Emory Report

November 9, 1998

 Volume 51, No. 11

Center for Outcomes Research focuses on heart disease

Cardiovascular disease is the No. 1 killer in industrial countries worldwide, according to cardiologist William Weintraub, director of the Emory Center for Outcomes Research (ECOR). And while many new treatments and technologies are now available to treat heart disease, he said, it's important to understand the outcomes of these therapies.

Information obtained through outcomes research "allows society to make good decisions on how to rationally use resources to combat this great killer," he explained. Founded in 1986, ECOR is currently involved in more than 30 studies in the United States and overseas, and is "one of the leading places in outcomes research in cardiovascular medicine," Weintraub said.

ECOR's multidisciplinary faculty includes clinicians, biostatisticians, health care economists and nurses from a variety of fields and departments within Emory, including the schools of medicine, public health and nursing, and the hospitals.

The center studies clinical, economic and humanistic outcomes in cardiovascular medicine, said Leslie Shaw, ECOR associate director. Clinical outcomes include "the end products of some kind of health care process, such as mortality or patient symptoms," she explained. Humanistic outcomes are quality-of-life issues that incorporate the patient's perspective, she said, while economic outcomes refer to the trade-offs between the benefits and costs of treatment.

ECOR studies primarily focus on two aspects of cardiology-diagnostic imaging and therapeutic interventions. These interventions include coronary bypass surgery, angioplasty, coronary stent use and various medical therapies currently under investigation or already approved. Shaw said. "A number of studies look at approved agents," she added.

The center does its largest volume of work for the Emory Heart Center, collecting and evaluating outcomes data from more than 80,000 former patients to determine the quality of care they received. "By tracking outcomes, we're better able to look at, for example, how well the angioplasties and coronary bypass surgeries have done over time as far as providing quality health care to those patients," Shaw said.

ECOR also provides services to a variety of pharmaceutical and medical device companies by answering questions and helping them develop new agents or new diagnostic tests. "We can look at new contrast ultrasound agents, new radio-pharmaceuticals and new therapeutic agents-the whole spectrum of outcomes assessment, from Phase I trials on drug safety to post-marketing approval," Shaw said.

In December ECOR will begin working on a large project for the Department of Veterans Affairs and the Medical Research Council of Canada at 39 centers across North America. The study will be a randomized trial comparing the outcomes of angioplasty vs. medical therapies such as lipid lowering and aspirin use.

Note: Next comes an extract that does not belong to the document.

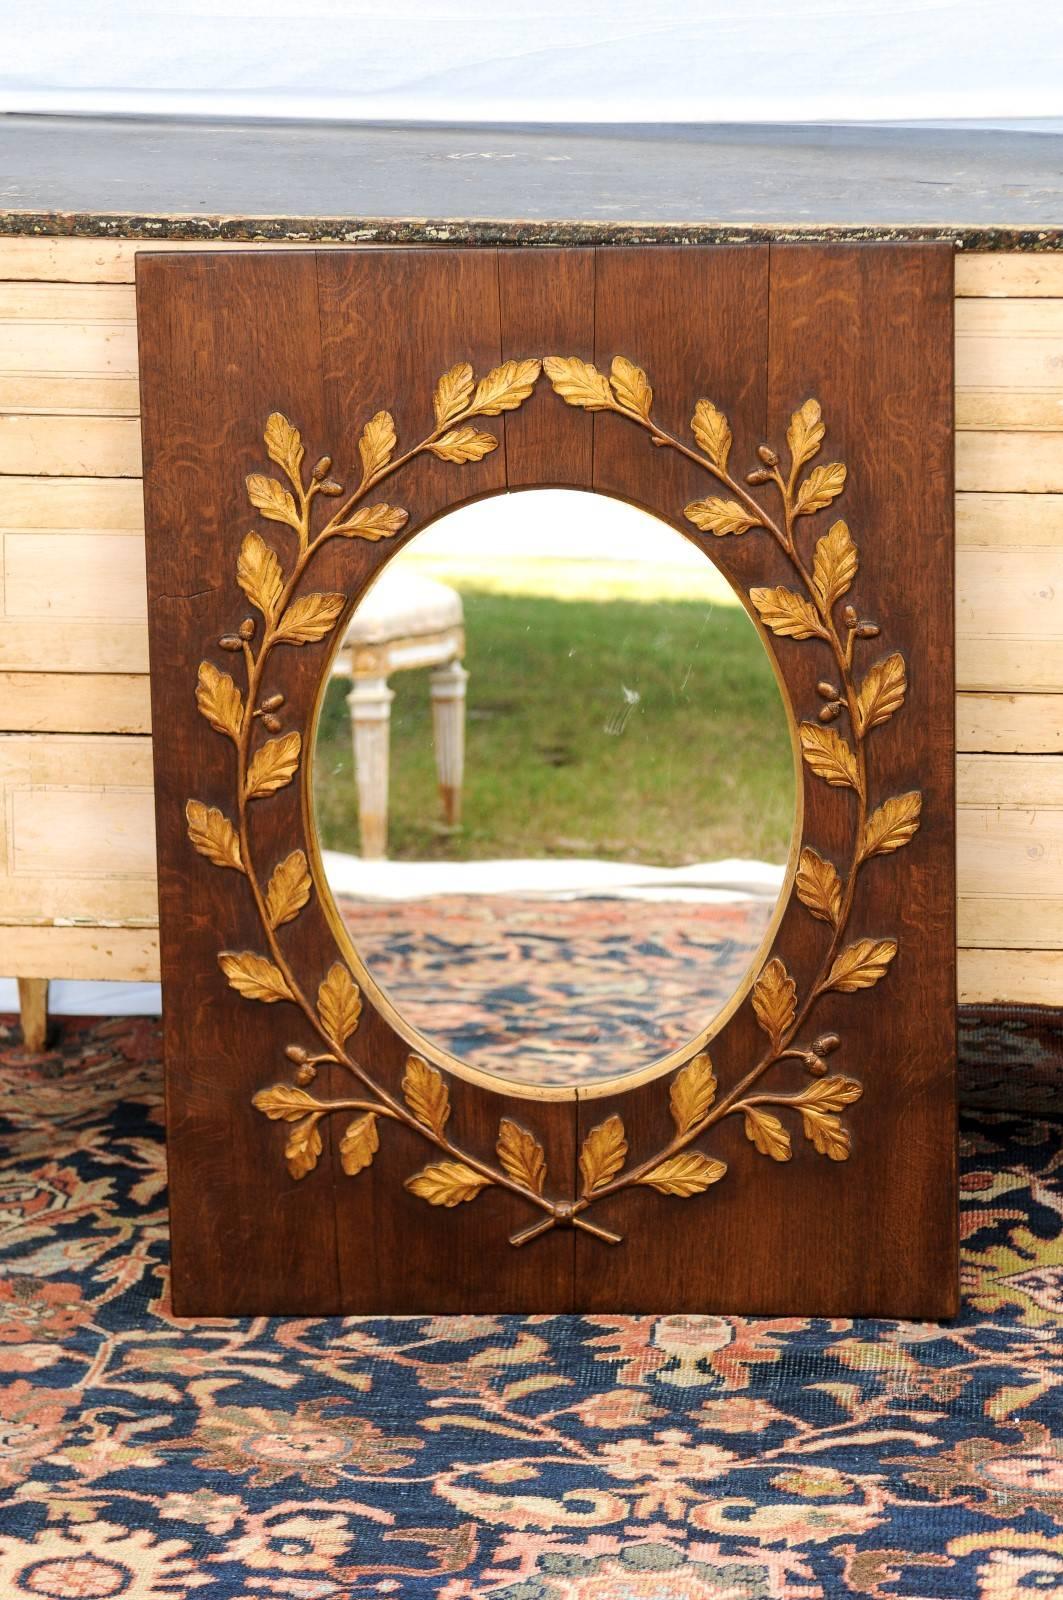 This exquisite English vertical mirror from the late 19th century features a simple rectangular frame with clear oval mirror in its centre. The eye is immediately attracted to the contrast between this simple layout and the exquisite gilded wreath

ECOR also is involved in several overseas contracts, which usually involve randomized clinical trials or registries following a patient group. One worldwide trial for a pharmaceutical company involves patients who have acute coronary syndromes. The participants are randomized for conservative or invasive strategy, while the study looks at clinical outcomes and cost effectiveness, Weintraub said. Another study for Bromptom Hospital in London compares the outcomes of angioplasty stents vs. surgery from the standpoint of clinical outcomes, cost effectiveness and quality of life.

"There has been a paradigm shift in health care towards cost containment," Shaw explained. "Our interest is in providing accurate outcomes assessment in order to drive more rational approaches to containing health care cost."